Kinins such as bradykinin can be generated in vessel walls, especially in endothelial cells that contain the components such as kinin precursors and kinin-generating enzymes, necessary for the production of kinins[32]. The biological effects of kinins are mediated by stimulation of constitutively expressed B2 receptors and inducible B1 receptors. In endothelial cells, activation of B2 receptors by bradykinin releases NO, prostacyclin, EDHF and tissue plasminogen activator, which exert diverse physiological and pathological actions on cardiovascular system, including regulation of coronary vascular tone and local blood flow of organs, coagulation, fibrinolysis, and water-electrolyte[33,34]. Stimulation of B1 receptors by its agonists also induce NO-mediated vasodilation[35]. Due to very short half-life in the blood, bradykinin essentially plays an autocrine/paracrine role. Experimental studies have demonstrated a protective role of bradykinin B2 receptors on cardiovascular function. It is, at least in part, due to opposing effects of bradykinin B2 receptor activation on angiotensin II AT1 receptor activation because of multiple cross-talks between the kallikrein-kinin system and the renin-angiotensin system[36]. This explains the contribution of kinins to the cardiovascular protective effects of angiotensin-converting (ACE) inhibitors and angiotensin AT1 receptor blockers. Deletion of both B1 and B2 receptors in diabetic mice exacerbates nephropathy as indicated by increased oxidative stress, mitochondrial DNA deletions and renal expression of fibrogenic genes, suggesting a protective role of the kallikrein-kinin system on diabetic nephropathy[37]. However, these mice exhibit neither accelerated cardiac dysfunction nor ROS production, challenging the protective role of kinins in this setting[38]. Otherwise, kinins can increase endothelial permeability[39] and are involved in inflammatory responses by activating phospholipase A2 to release arachidonic acid that is used for the production of vasoconstrictor prostanoids, which may be harmful for endothelial function.

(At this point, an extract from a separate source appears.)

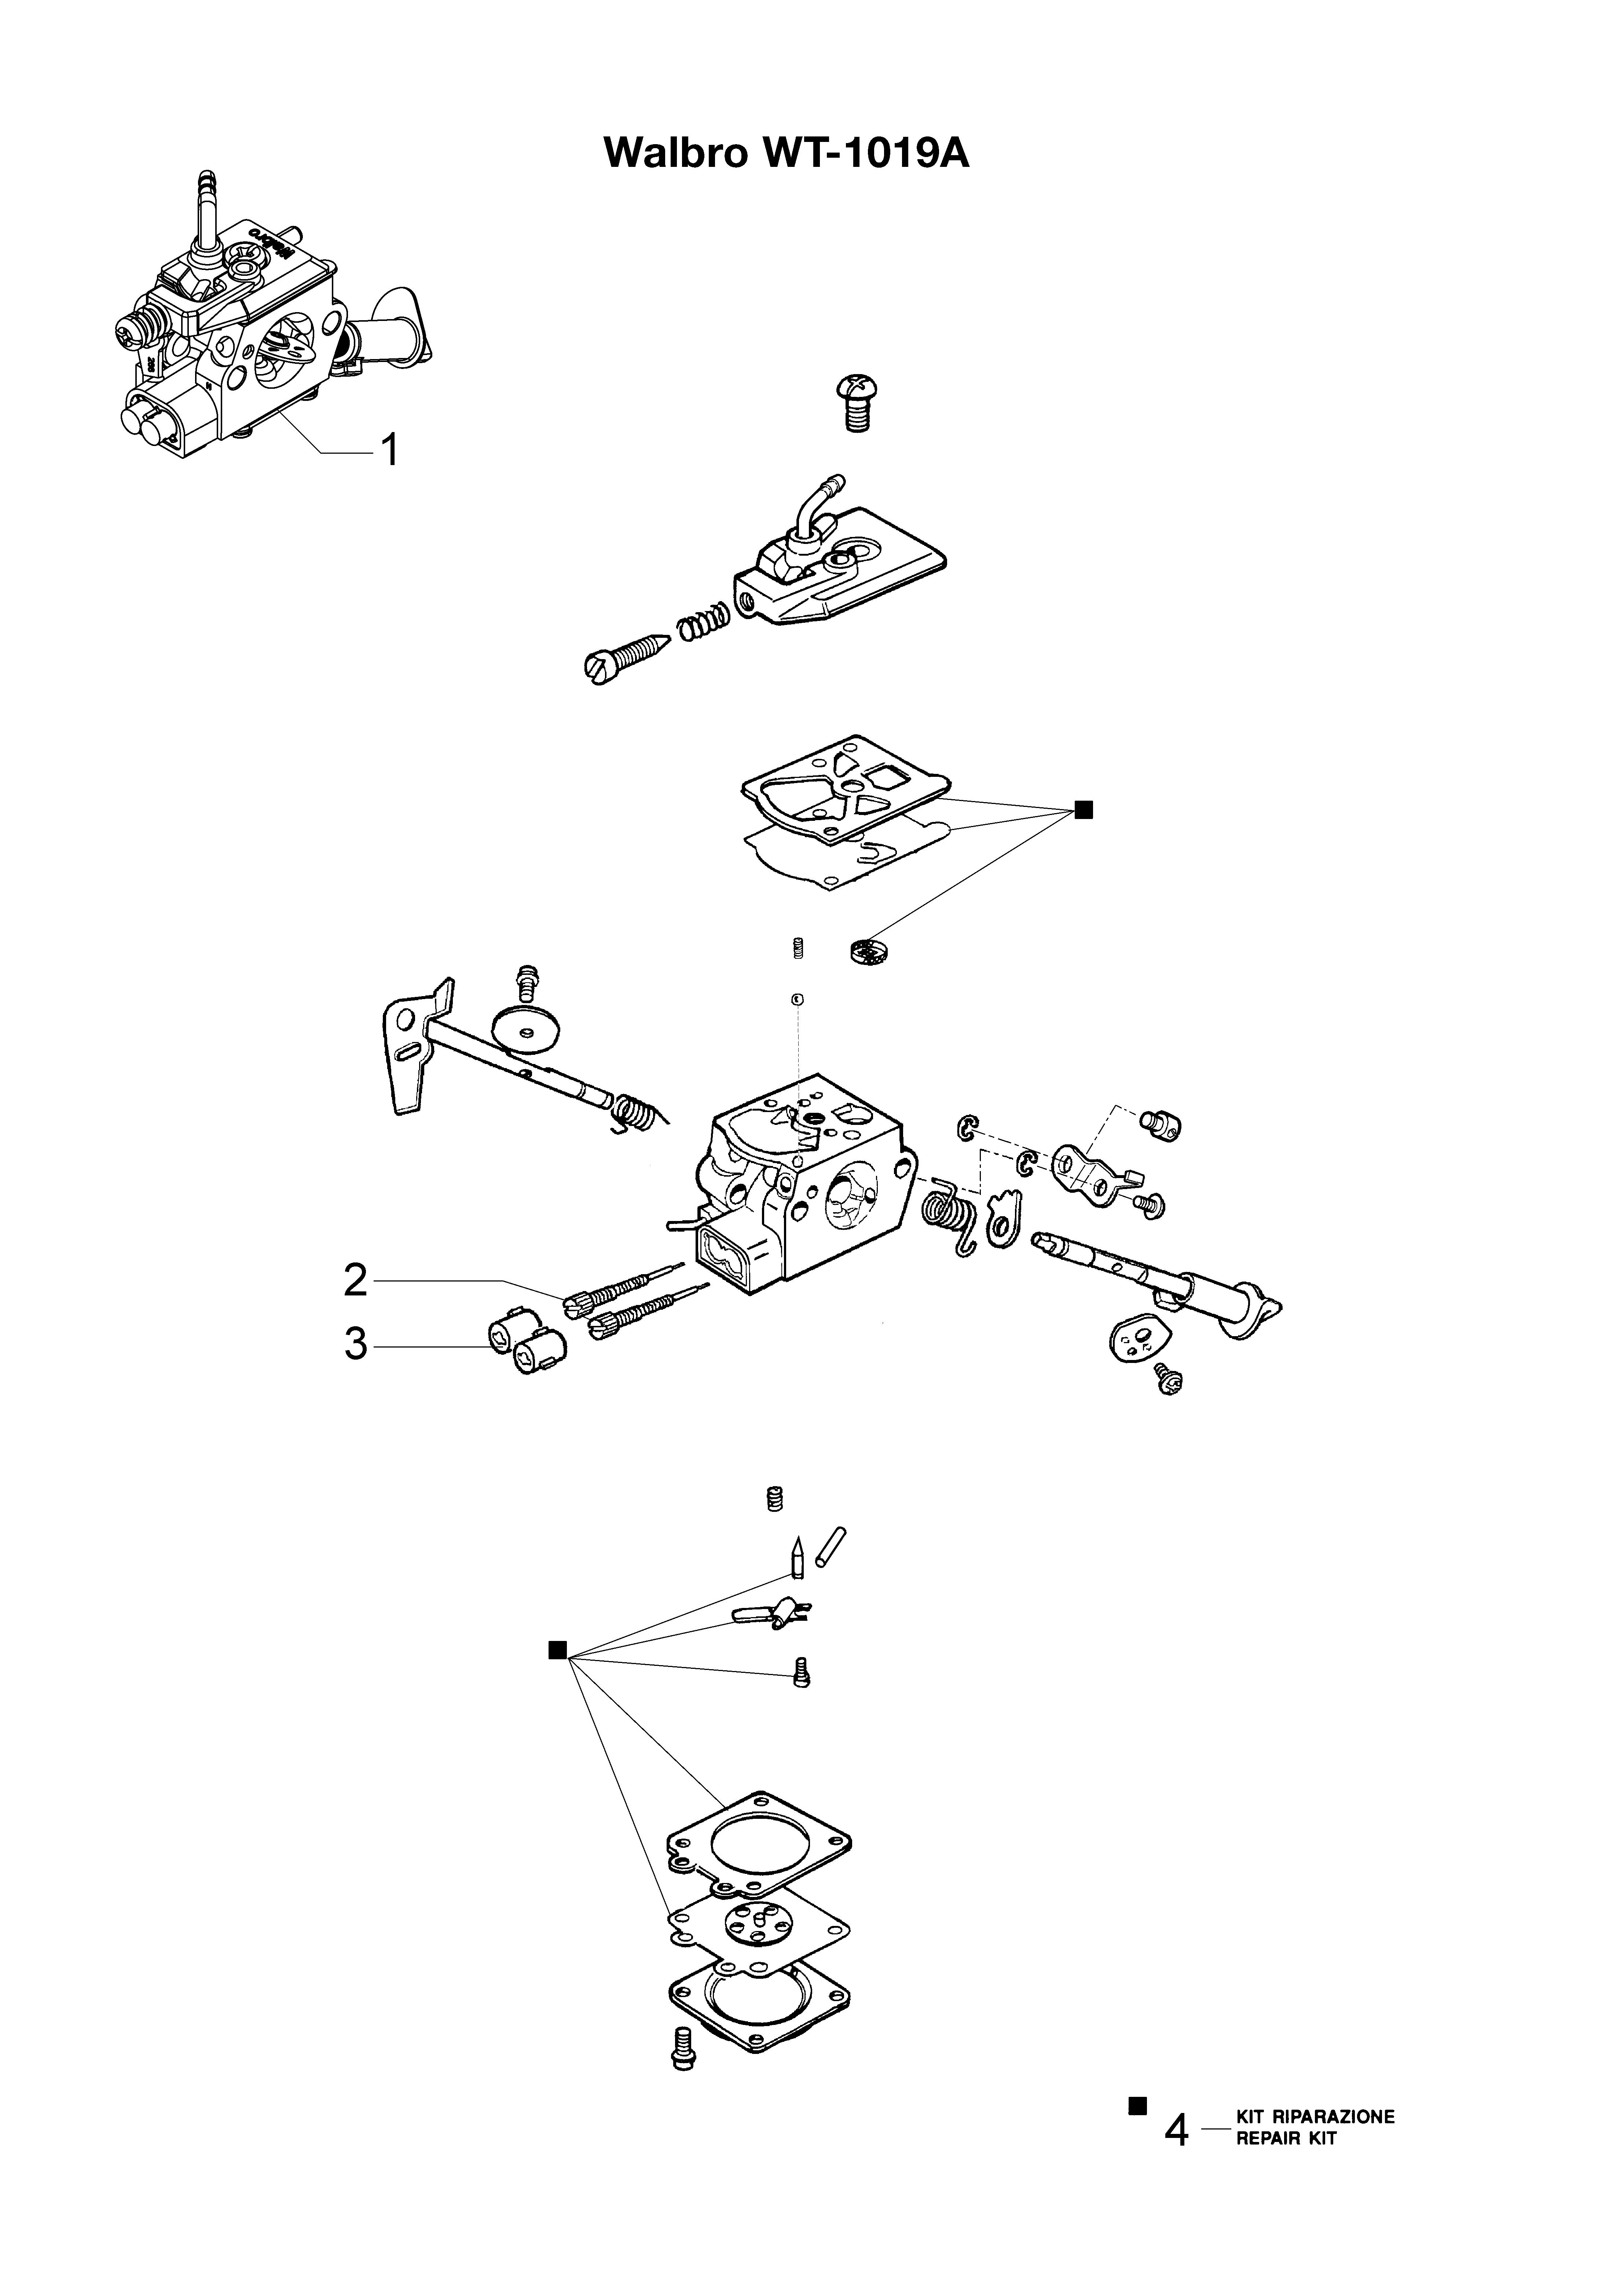 HC 265 XP Taille-haies  OLEOMAC vue éclatée  Dessins pièces -  Carburateur WT-1019A
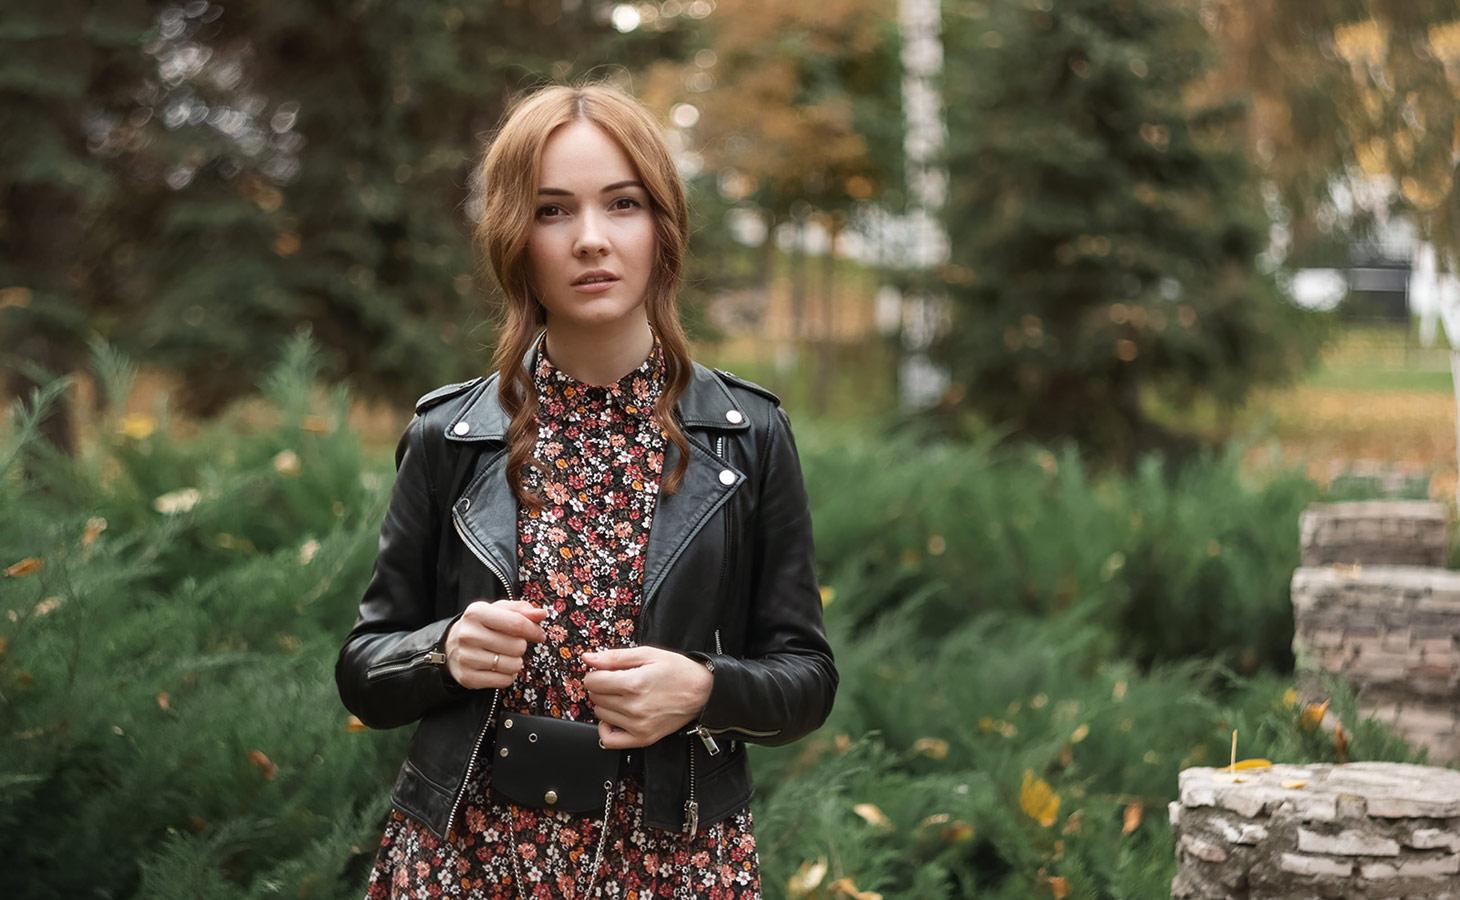 ***, © Илья Александров, Фотоконкурс «Осенний портрет»

Adrenomedullin (AM), a vasodilator peptide initially identified from human pheochromocytoma, can be secreted by vascular cells, especially by endothelial cells[40-42]. AM exerts its action in the cardiovascular system through receptor complexes composed of the calcitonin receptor-like receptor and receptor activity-modifying proteins. In vessels, the receptors for AM are expressed in both endothelial and smooth muscle cells[43,44]. AM-induces endothelium-dependent and - independent vasodilation, depending upon species and vascular beds[42]. AM-induced endothelium-dependent vasodilation is mediated by PI3K/Art/NO/cGMP pathway, the activation of cGMP-stimulated protein kinase G and/or the production of a vasodilator prostanoid (likely prostacyclin)[42,45,46], whereas AM-induced endothelium-independent vasodilation involves the opening of K+ channels (calcium-activated K+ channels or ATP sensitive K+ channels, probably depending upon vascular beds) and the activation of cAMP-dependent protein kinase A[42,47]. In addition to vasodilator effect, AM was shown to inhibit angiotensin II-induced ROS generation by NAPDH[48], and AM -deficient mice developed insulin resistance due to increased ROS[49]. AM protects bone marrow-derived mononuclear cell and endothelial progenitor cells from apoptosis and exerts a vascular protective role[50,51]. AM also exerts an protective effect on endothelial barrier function and reduces endothelial permeability in response to inflammation and endotoxin[52-56]. Otherwise, AM posses angiogenesis property and participates in vascular remodeling [50,57,58]. Plasma AM levels were shown to be higher in many pathological situations such as arteriosclerosis, sepsis, essential or pulmonary hypertension and heart failure[52,59-63], whereas intracoronary AM levels were lower in patients with stable coronary disease[64] and in infants with brain damage after surgery under cardiopulmonary bypass[65]. Increased AM levels were interpreted as a compensatory mechanism to protect cardiac and vascular function[61,66]. Expression of receptors for AM was shown to be increased in rats with heart failure though its signification remains elusive[67,68]. Despite its protective role in the cardiovascular system, AM was shown to be involved in the growth of different tumors such as prostate, colorectal and bladder tumors, and AM and its receptors are potential targets for the treatment of these tumors[69-71].

Angiotensin II

Endothelial cells express ACE and angiotensin AT1 and AT2 receptors. Once released, angiotensin II immediately binds to these receptors and those expressed on smooth muscle cells. Although angiotensin II causes both vasoconstriction via AT1 receptors and vasorelaxation by stimulating AT2 receptors, angiotensin II-induced vasoconstriction is predominant in many circumstances. Moreover, angiotensin II exerts multiple actions affecting endothelial function. Angiotensin II upregulates endothelial receptors for OxLDL, stimulates OxLDL uptake, and enhances OxLDL-mediated ROS generation and endothelial cell apoptosis[72]. Angiotensin II increases receptors for vascular endothelial growth factors and matrix metalloproteinases (MMPs), which may account for increases in endothelial permeability and vascular remodeling[73-75]. Angiotensin II increases the expression of plasminogen activator inhibitor type 1 (a natural inhibitor of tissue-type plasminogen activator and urokinase-type plasminogen activator) in endothelial cells[76], thereby favoring thrombosis. Angiotensin II favors inflammation by inducing COX-2 expression[74] and increasing cytokine tumor necrosis factor-alpha (TNF-α)[75]. Although angiotensin II can upregulate eNOS and inducible NO synthase (iNOS) expression, it reduces eNOS-derived NO by promoting eNOS uncoupling through monocyte-dependent S-glutathionylation[77]. In addition, the activation of AT2 receptors also contributes to the angiotensin II-induced vascular remodeling[78]. These actions of angiotensin II may contribute to endothelial dysfunction as the renin-angiotensin system is activated, as is the case in atherosclerosis[79] and heart failure.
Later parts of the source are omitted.